Speed \(s^r\): The operating speed \(s^r\) is defined as the ratio between the operating frequency \(f^r\) of processor type-r and the maximum system frequency \(f_{max}\), i.e. \(s^r:=f^r/f_{max}\), \(f_{max}:=\max \left\{ \max \{f^r\mid r\in R\}\right\} \), where \(R:=\{1,2,\ldots ,\kappa \}\) and \(\kappa \) is the total number of processor types.
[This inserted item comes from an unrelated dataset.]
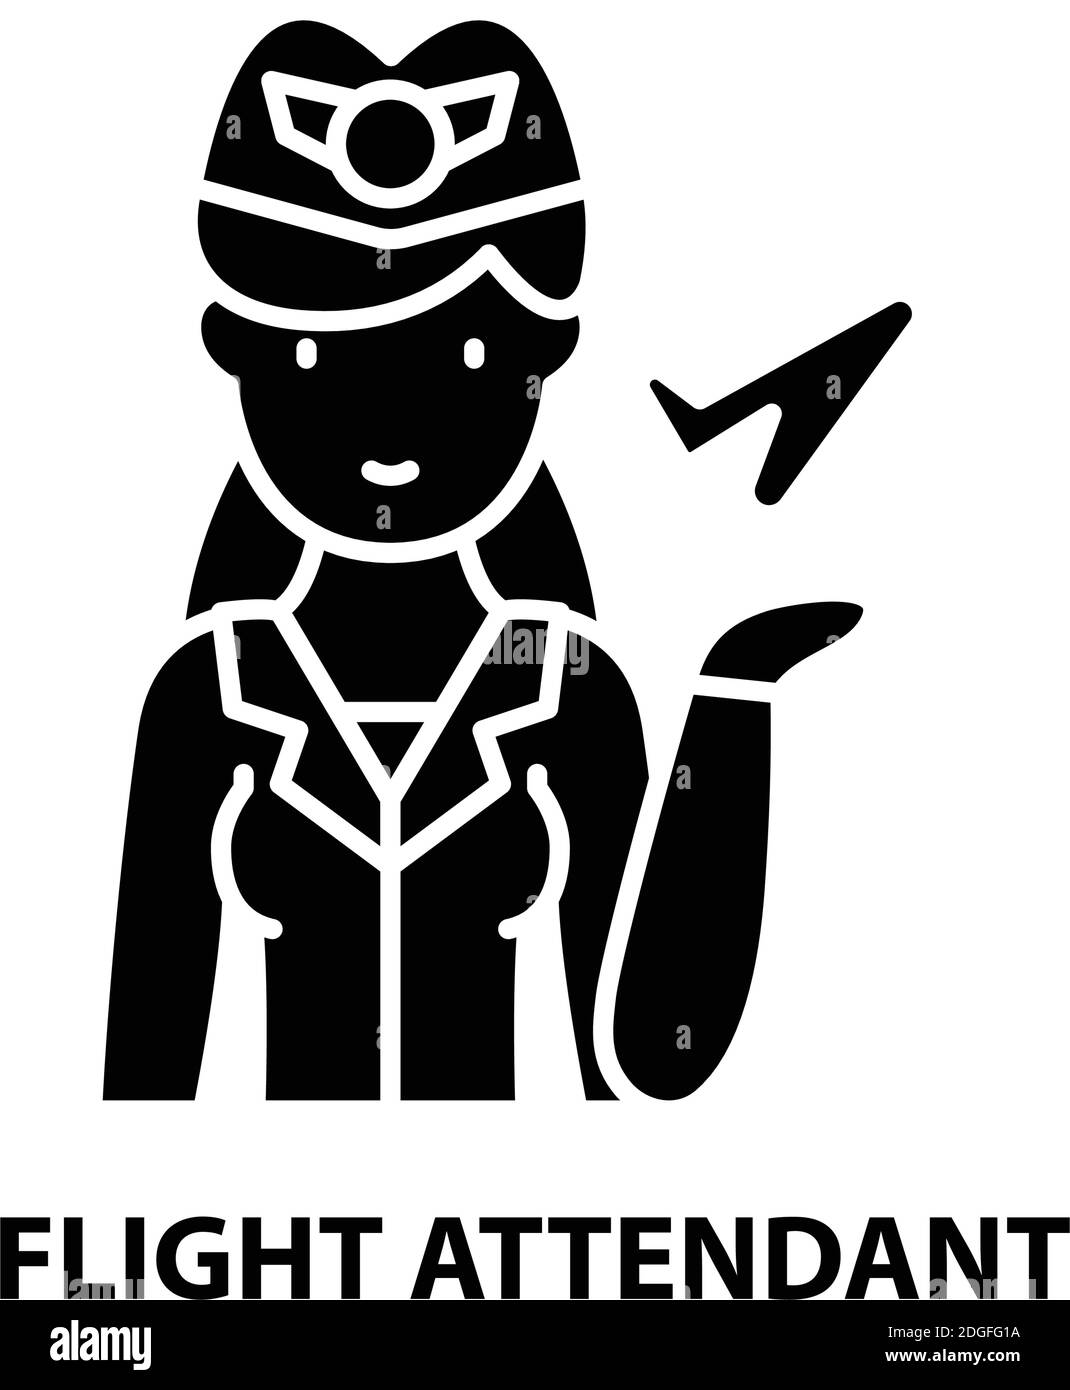 flight attendant icon, black vector sign with editable strokes, concept illustration Stock Vector

Note that the superscript r is used to denote the type-r processor.

Minimum execution time Footnote 1 \(\underline{x}^r_i\): The minimum execution time \(\underline{x}^r_i\) is the execution time of task \(T_i\) when executed at the maximum system frequency \(f_{max}\), i.e. \(\underline{x}^r_i:=c^r_i/f_{max}\), where \(c^r_i\) is the CPU cycles required to complete a task \(T_i\) when executed on a processor of type r.

Task density Footnote 2 \(\delta _i(s_i)\): For a periodic task, a task density \(\delta _i(s_i)\) is defined as the ratio between the task execution time and the minimum of its deadline and its period, i.e. \(\delta _i(s_i):=c_i/(s_if_{max}\min \{d_i,p_i\})\), where \(s_i\) is the task execution speed.

Taskset density \(D(s_i)\): A taskset density \(D(s_i)\) of a periodic taskset is defined as the summation of all task densities in the taskset, i.e. \(D(s_i):=\sum _{i=1}^n \delta _i(s_i).\) The minimum taskset density D is given by \(D:=\sum _{i=1}^n \delta _i(1).\)

System capacity C: The system capacity C is defined as \(C:=\sum _{r}s^r_{max}m_r\), where \(s^r_{max}\) is the maximum speed of processor type-r, i.e. \(s^r_{max}:=f^r_{max}/f_{max},\) \(f^r_{max}:=\max f^r\), \(m_r\) is the total number of processors of type-r.

Migration scheme: A global scheduling scheme allows task migration between processors and a partitioned scheduling scheme does not allow task migration.

Feasibility optimal: An algorithm is feasibility optimal if the algorithm is guaranteed to be able to construct a valid schedule such that no deadlines are missed, provided a schedule exists.

Energy optimal: An algorithm is energy optimal when it is guaranteed to find a schedule that minimizes the energy, while meeting the deadlines, provided such a schedule exists.

Step function: A function \(f:X\rightarrow \mathbb {R}\) is a step (also called a piecewise constant) function, denoted \(f\in \mathcal {PC}\), if there exists a finite partition \(\{X_1,\ldots ,X_p\}\) of \(X\subseteq \mathbb {R}\) and a set of real numbers \(\{\phi _1,\ldots ,\phi _p\}\) such that \(f(x) = \phi _i\) for all \(x\in X_i\), \(i\in \{1,\ldots ,p\}\).

1.2 Related work

Due to the heterogeneity of the processors, one should not only consider the different operating frequency sets among processors, but also the hardware architecture of the processors, since task execution time will be different for each processor type. In other words, the system has to be captured by two aspects: the difference in operating speed sets and the execution cycles required by different tasks on different processor types (Fig. 1).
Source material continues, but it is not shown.